# [The problem]
Your copy starts at the line containing "Фото: Антон Вергун" and ends at the last line below. Copy exactly, without pictures.

Records drawn from a dataset
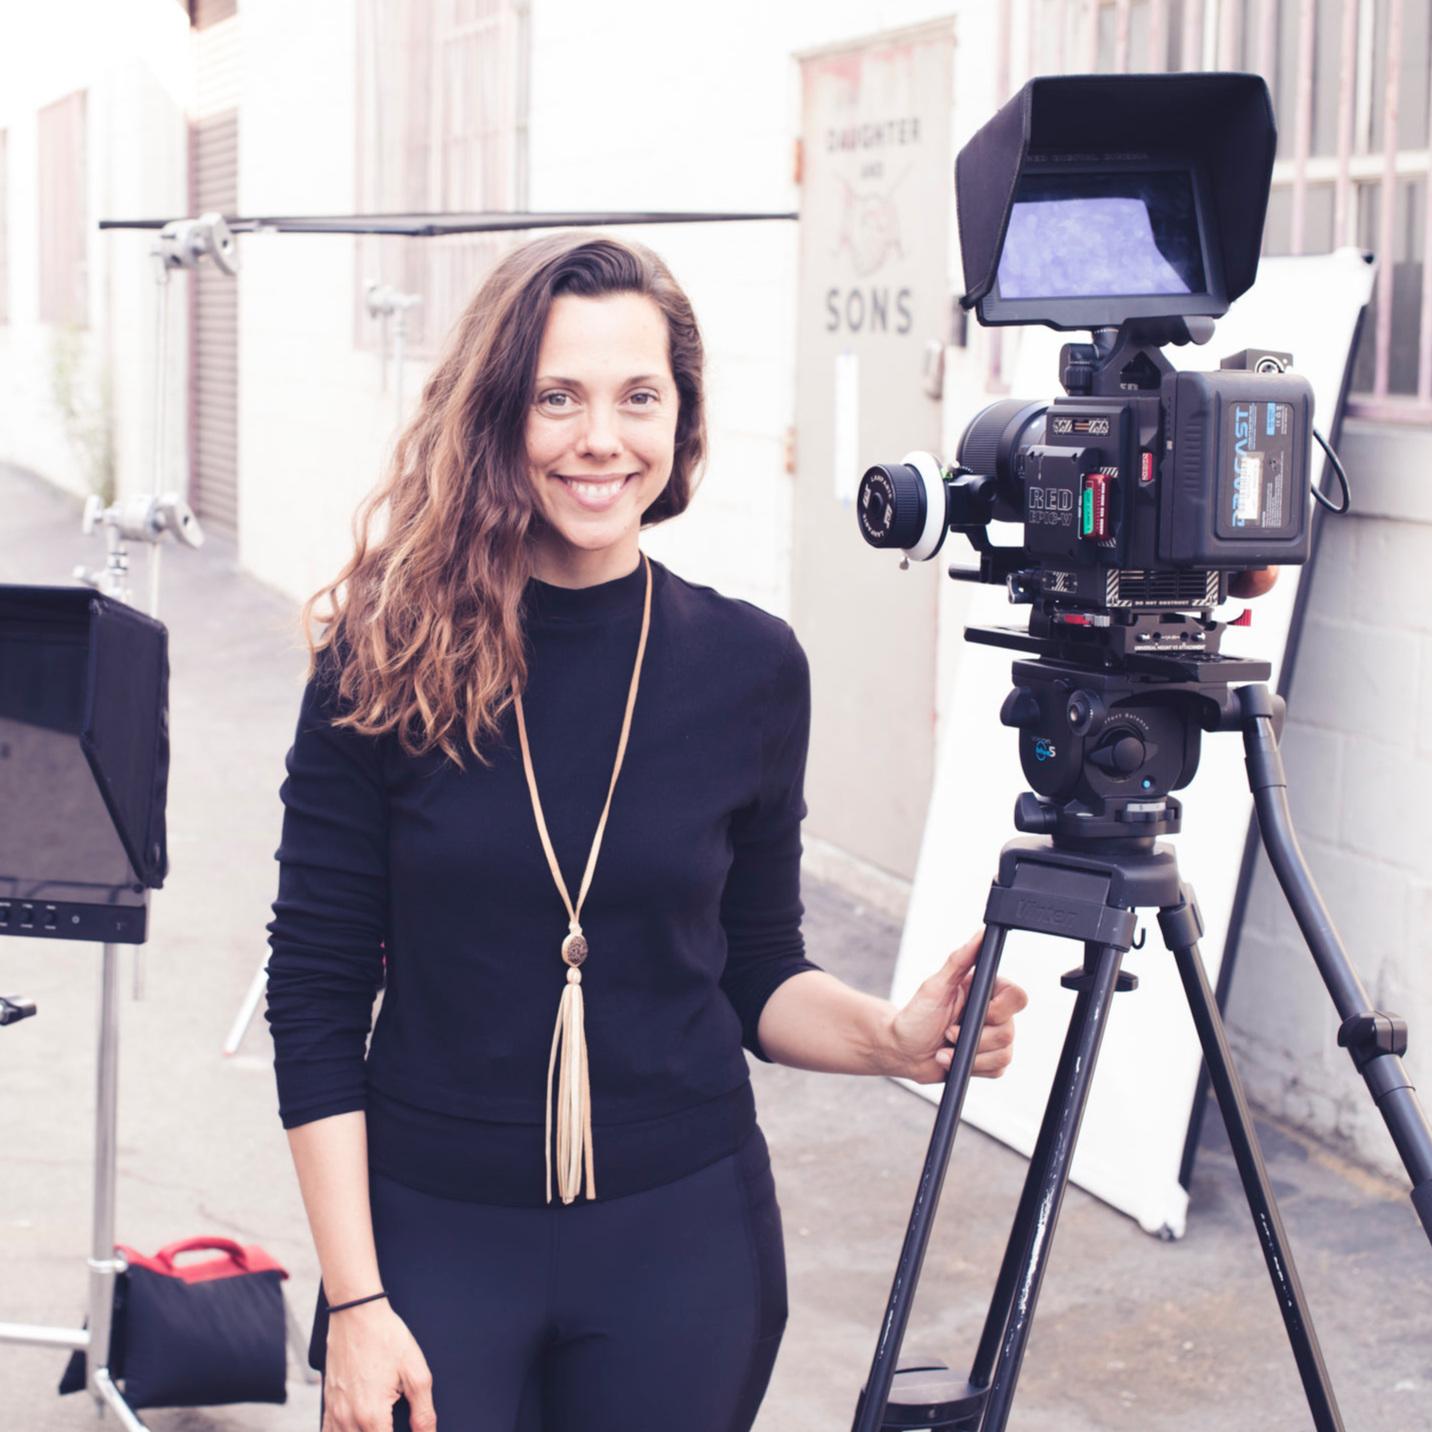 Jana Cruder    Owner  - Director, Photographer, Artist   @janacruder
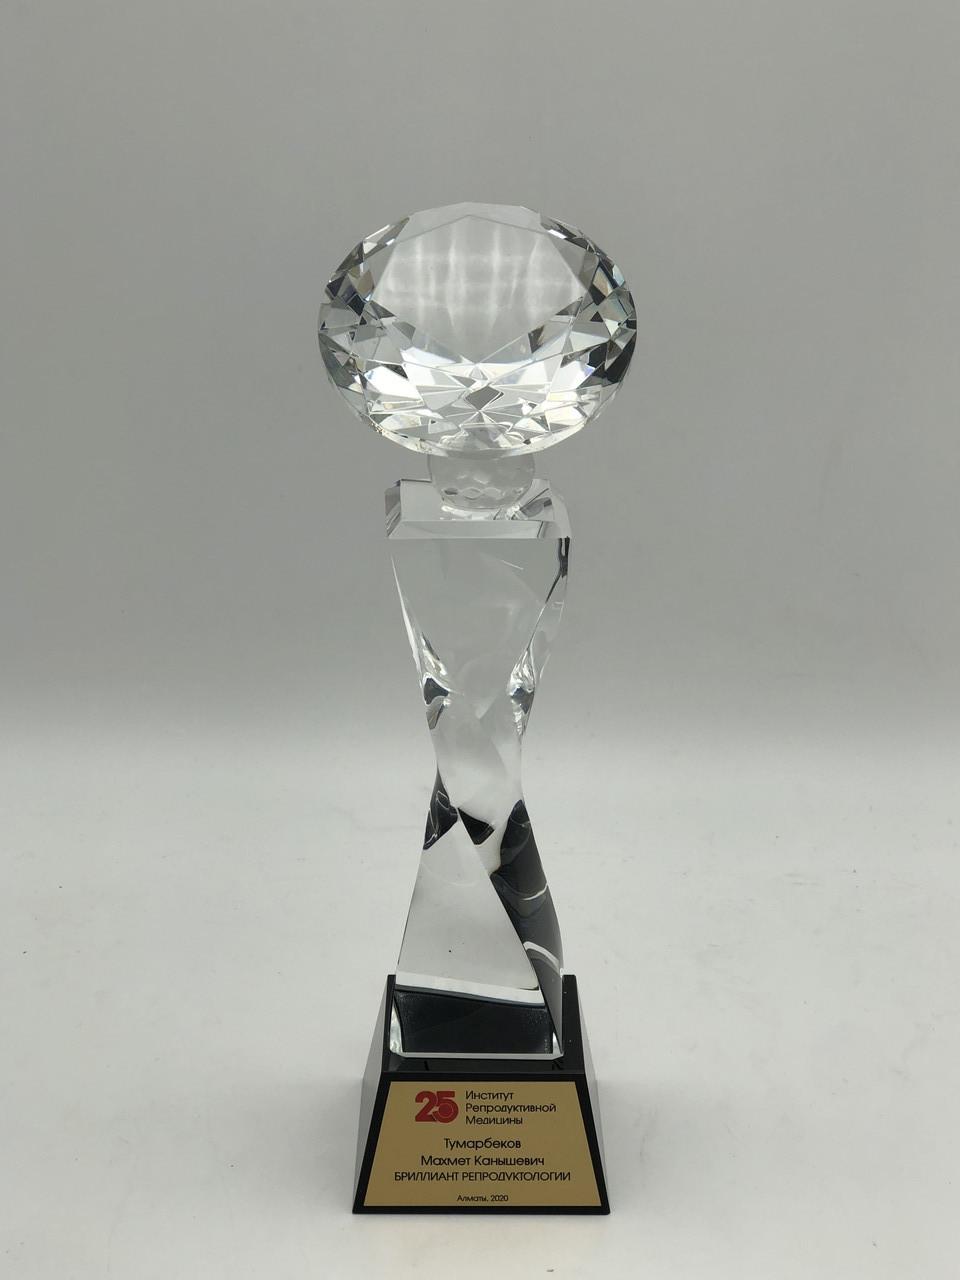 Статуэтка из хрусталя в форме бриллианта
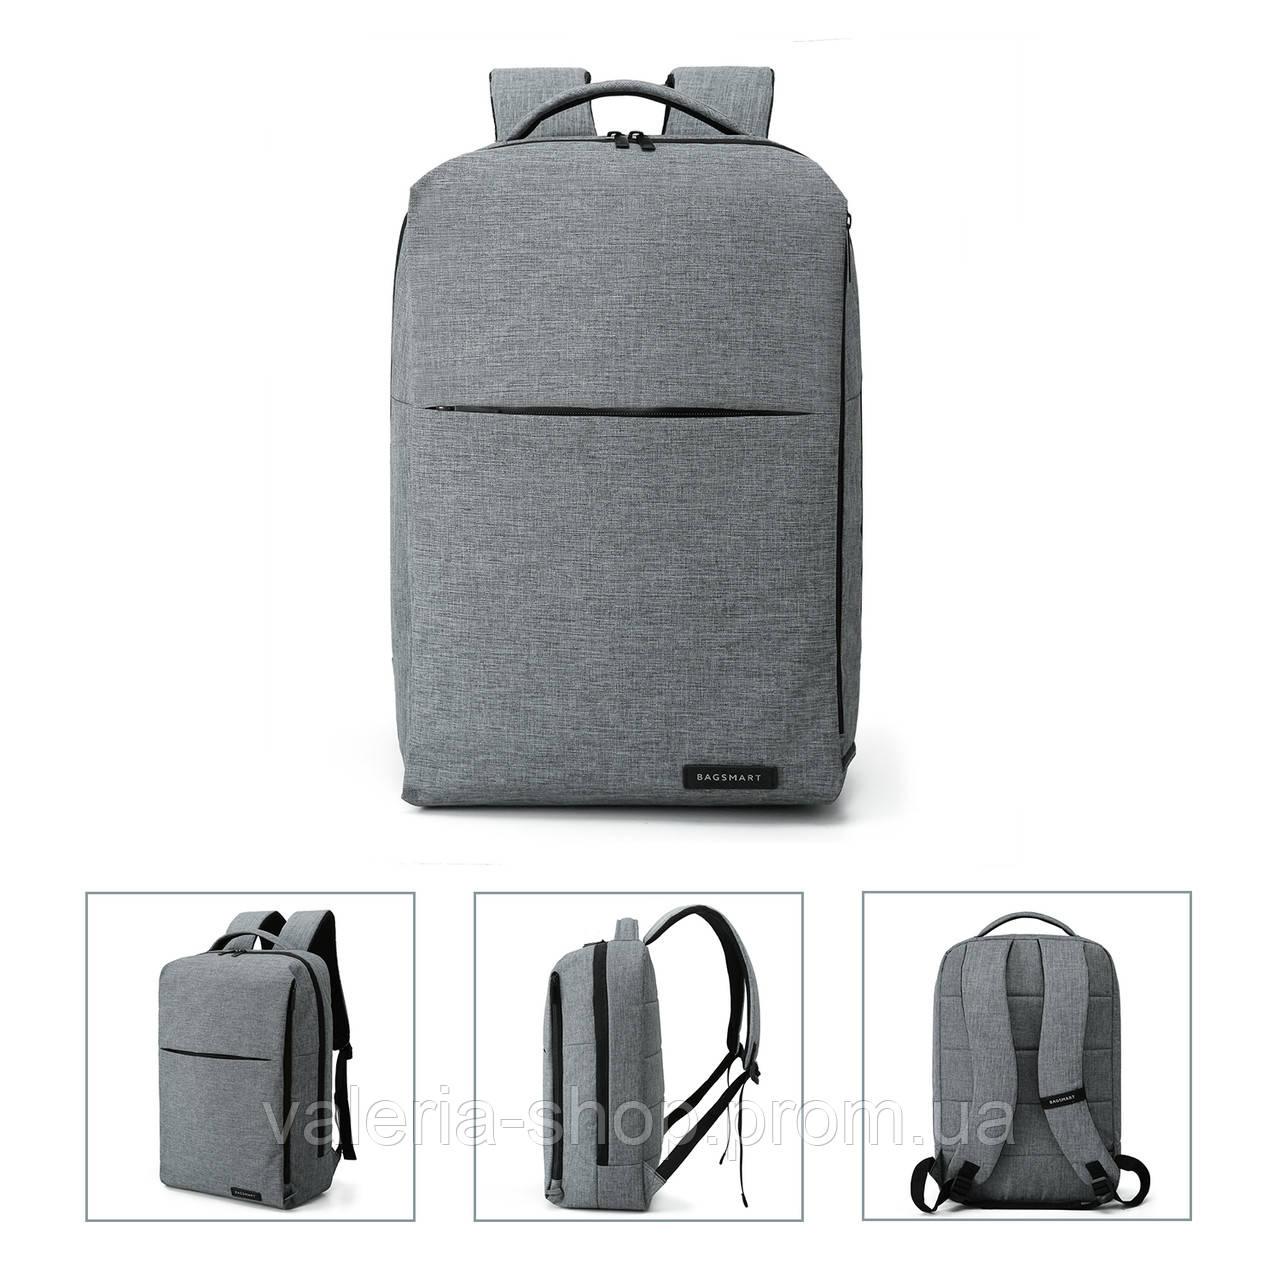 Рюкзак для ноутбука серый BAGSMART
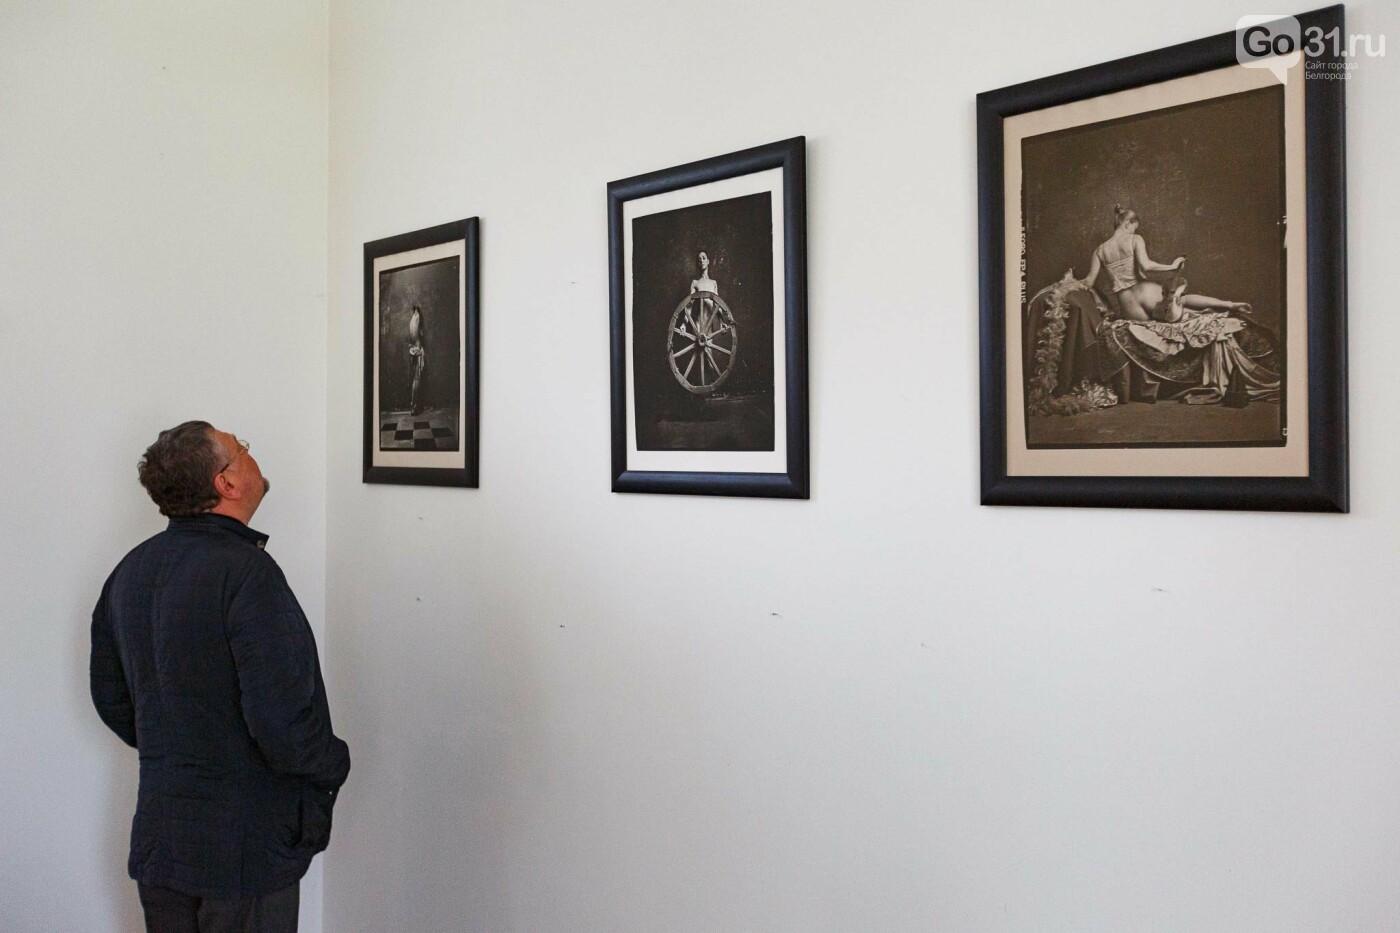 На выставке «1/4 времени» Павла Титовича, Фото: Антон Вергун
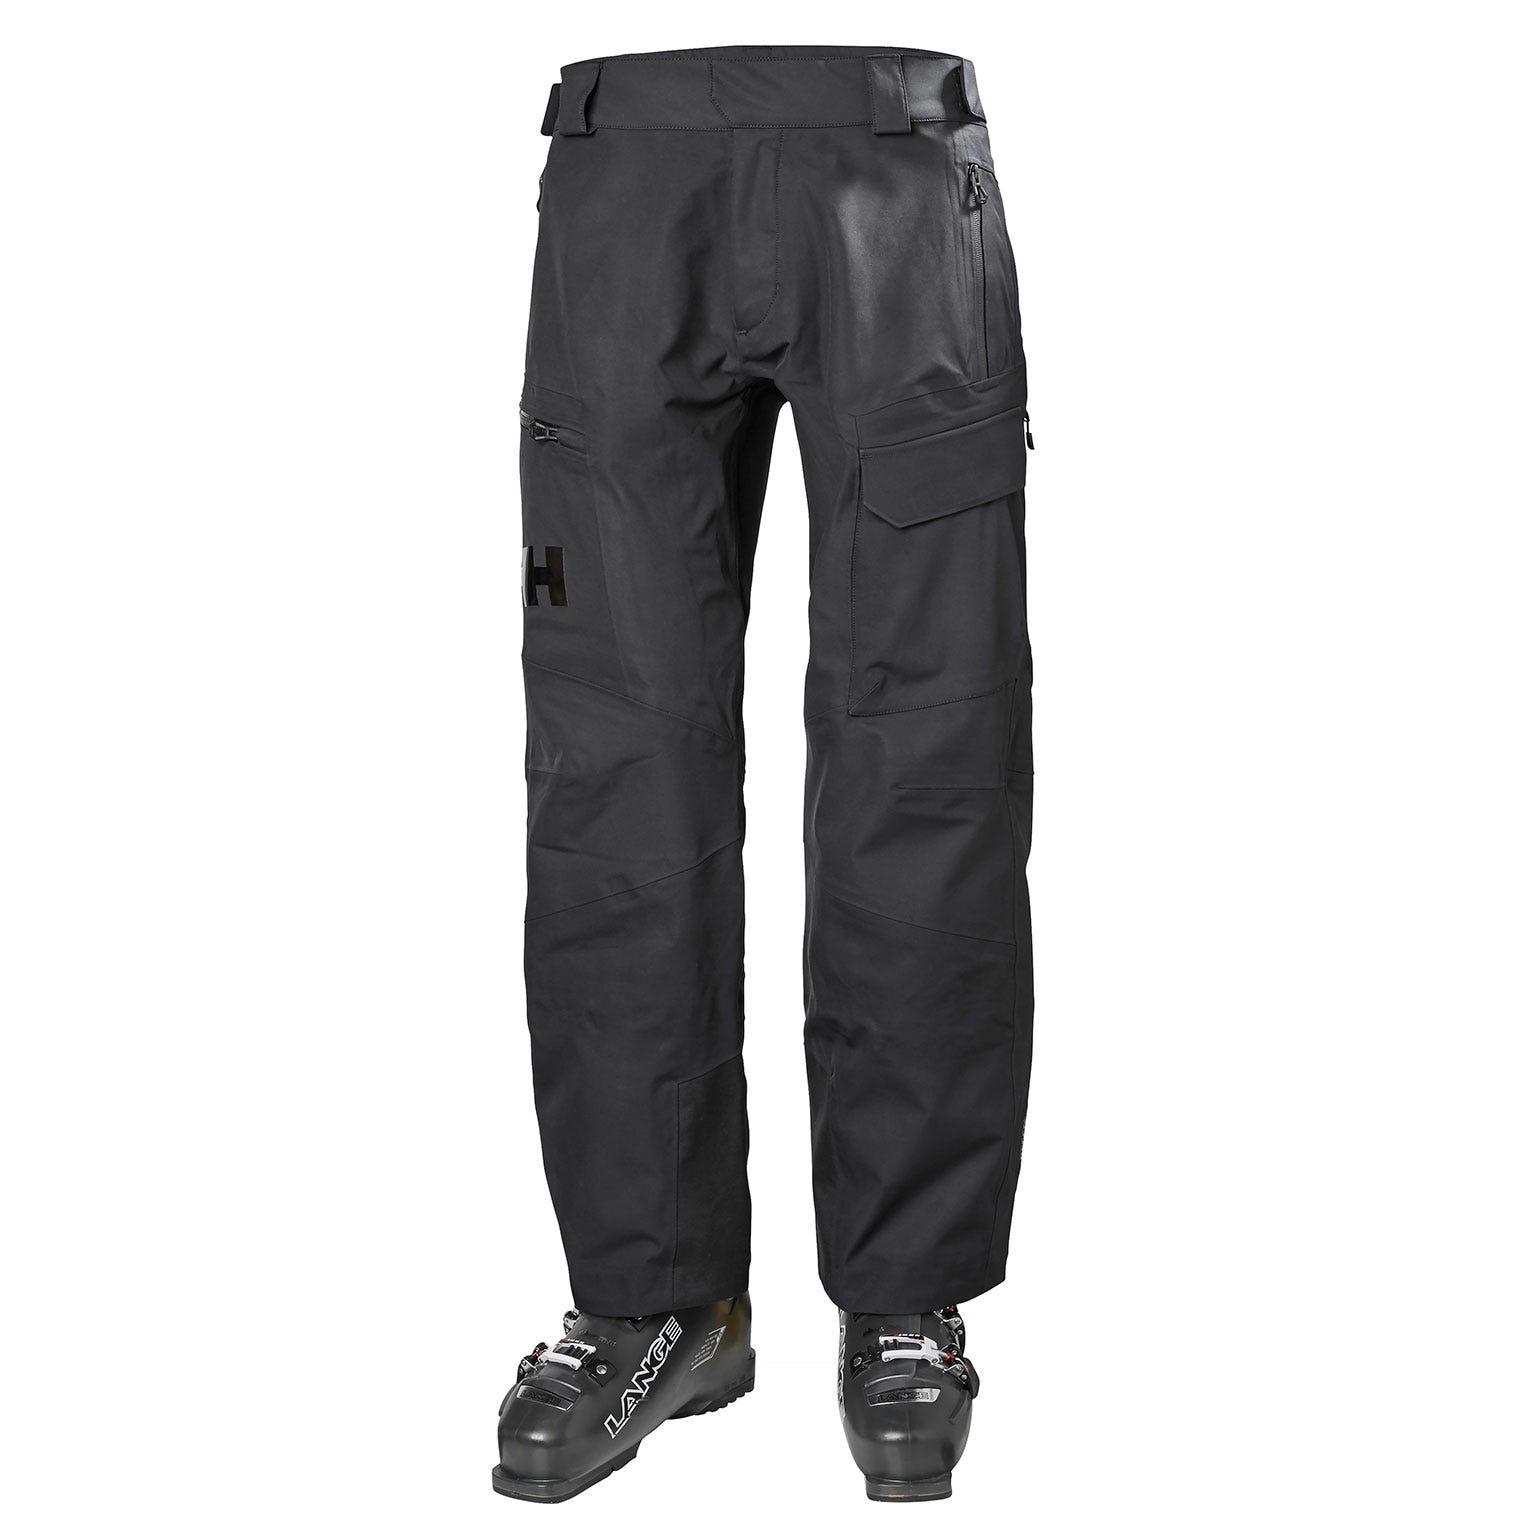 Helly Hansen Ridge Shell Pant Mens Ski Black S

# [Answer box]
 На выставке «1/4 времени» Павла Титовича, Фото: Антон Вергун
 Helly Hansen Ridge Shell Pant Mens Ski Black S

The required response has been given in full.